— What is needed —
Pictures in the records below must be left out. Return exactly the lines from the line with "Михалюк - Таємниці" to the line with "Fotografie - Pudding", both included.

— Source material —
☆ ☆ ☆

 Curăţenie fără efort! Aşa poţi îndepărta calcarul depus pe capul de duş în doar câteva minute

☆ ☆ ☆

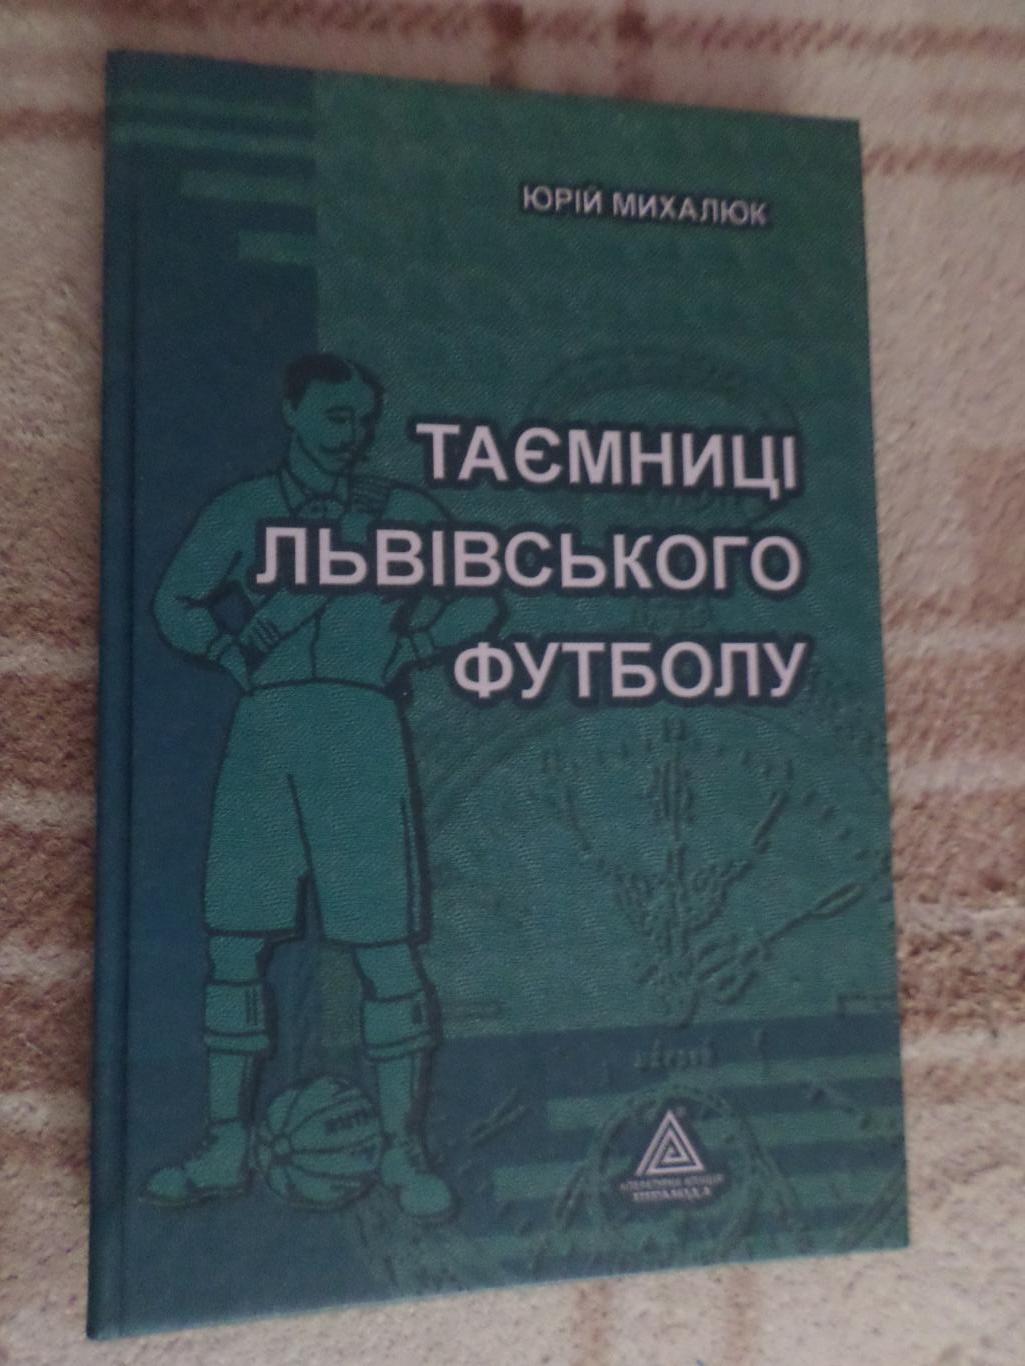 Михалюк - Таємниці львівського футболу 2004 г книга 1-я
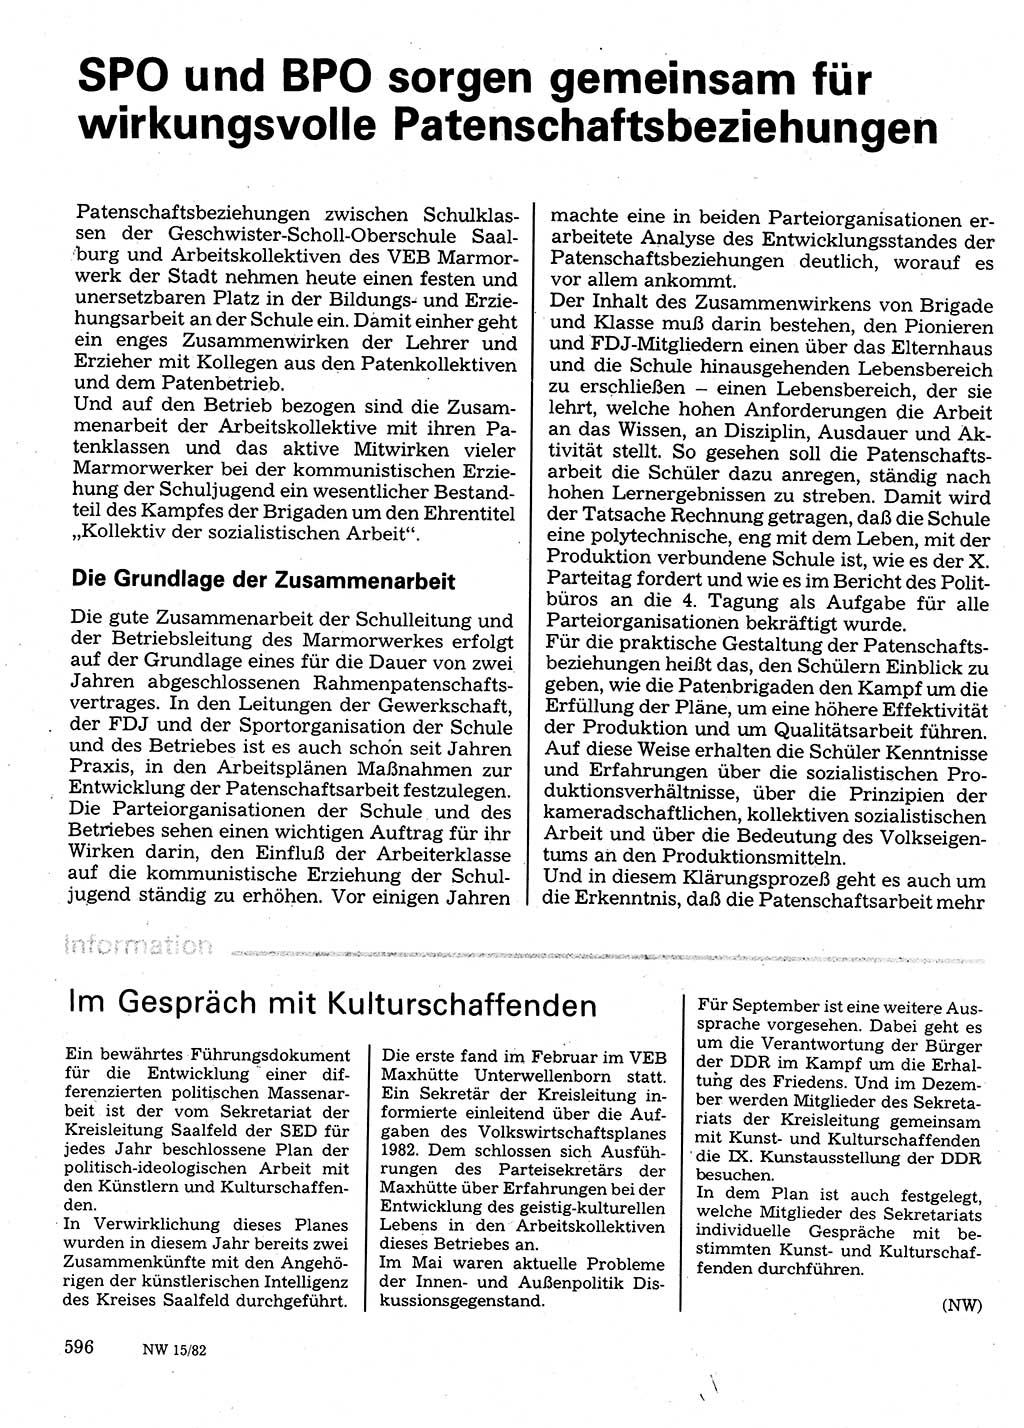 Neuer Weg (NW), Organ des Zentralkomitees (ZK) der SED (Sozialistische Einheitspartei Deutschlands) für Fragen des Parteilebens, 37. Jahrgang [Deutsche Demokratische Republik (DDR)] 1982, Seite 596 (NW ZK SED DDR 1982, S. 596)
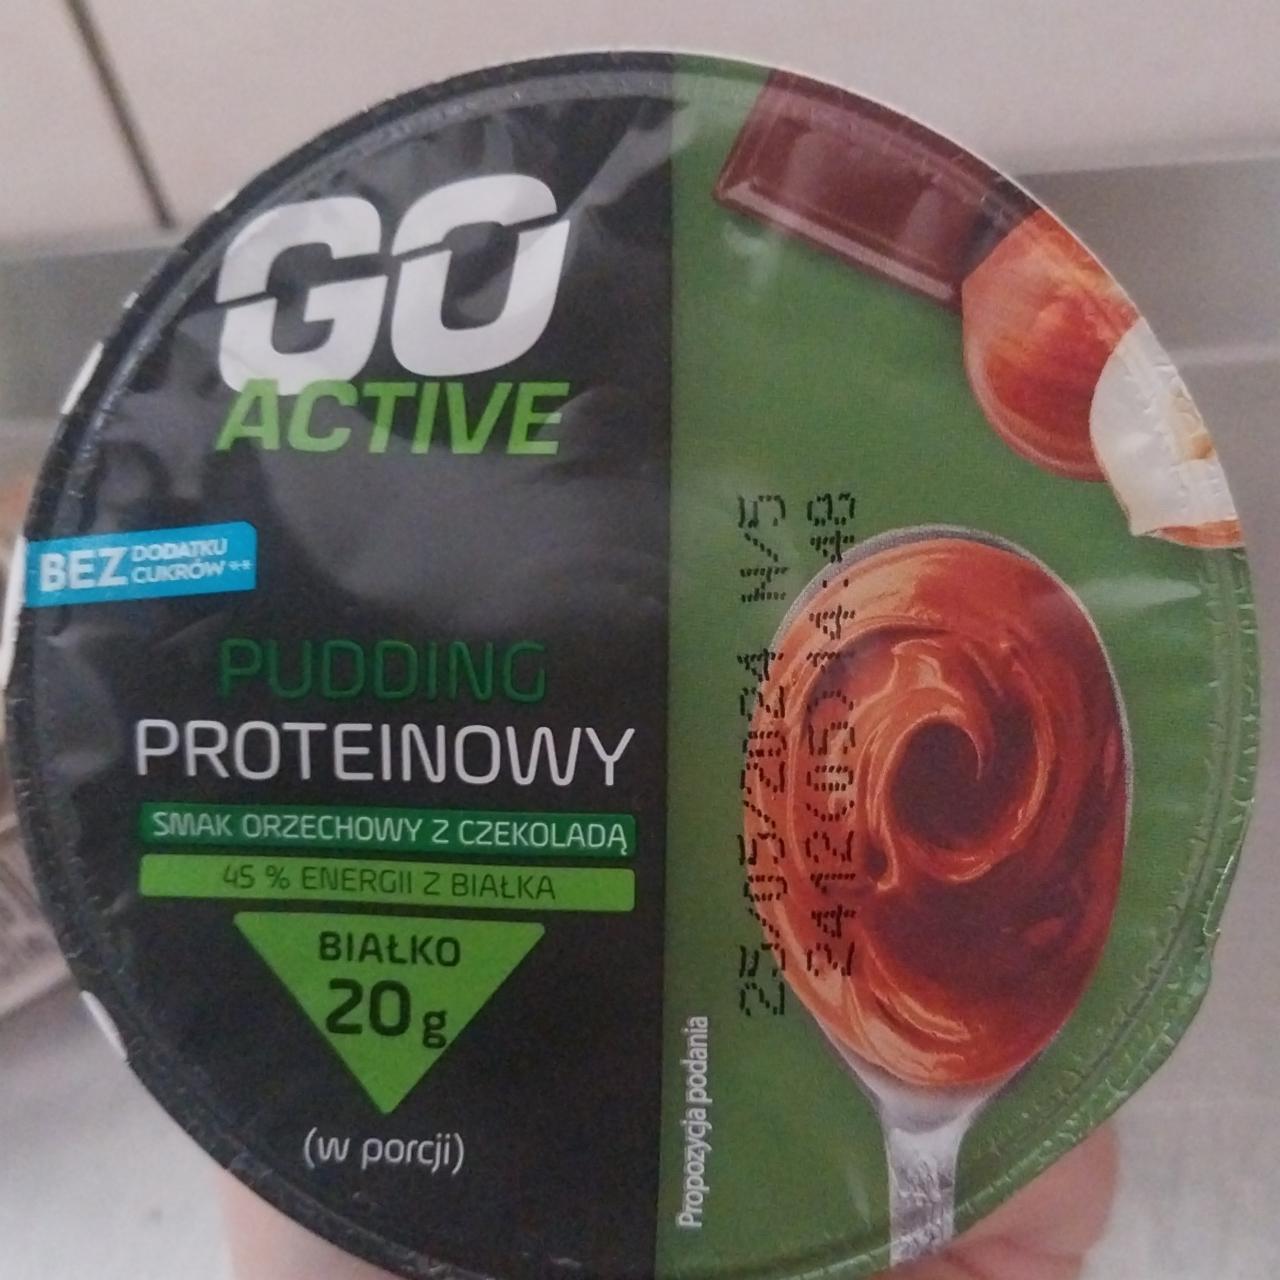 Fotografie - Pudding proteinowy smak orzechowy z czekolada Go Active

☆ ☆ ☆

— Solution —
 Михалюк - Таємниці львівського футболу 2004 г книга 1-я
 Neuer Weg (NW), Organ des Zentralkomitees (ZK) der SED (Sozialistische Einheitspartei Deutschlands) für Fragen des Parteilebens, 37. Jahrgang [Deutsche Demokratische Republik (DDR)] 1982, Seite 596 (NW ZK SED DDR 1982, S. 596)
 Fotografie - Pudding proteinowy smak orzechowy z czekolada Go Active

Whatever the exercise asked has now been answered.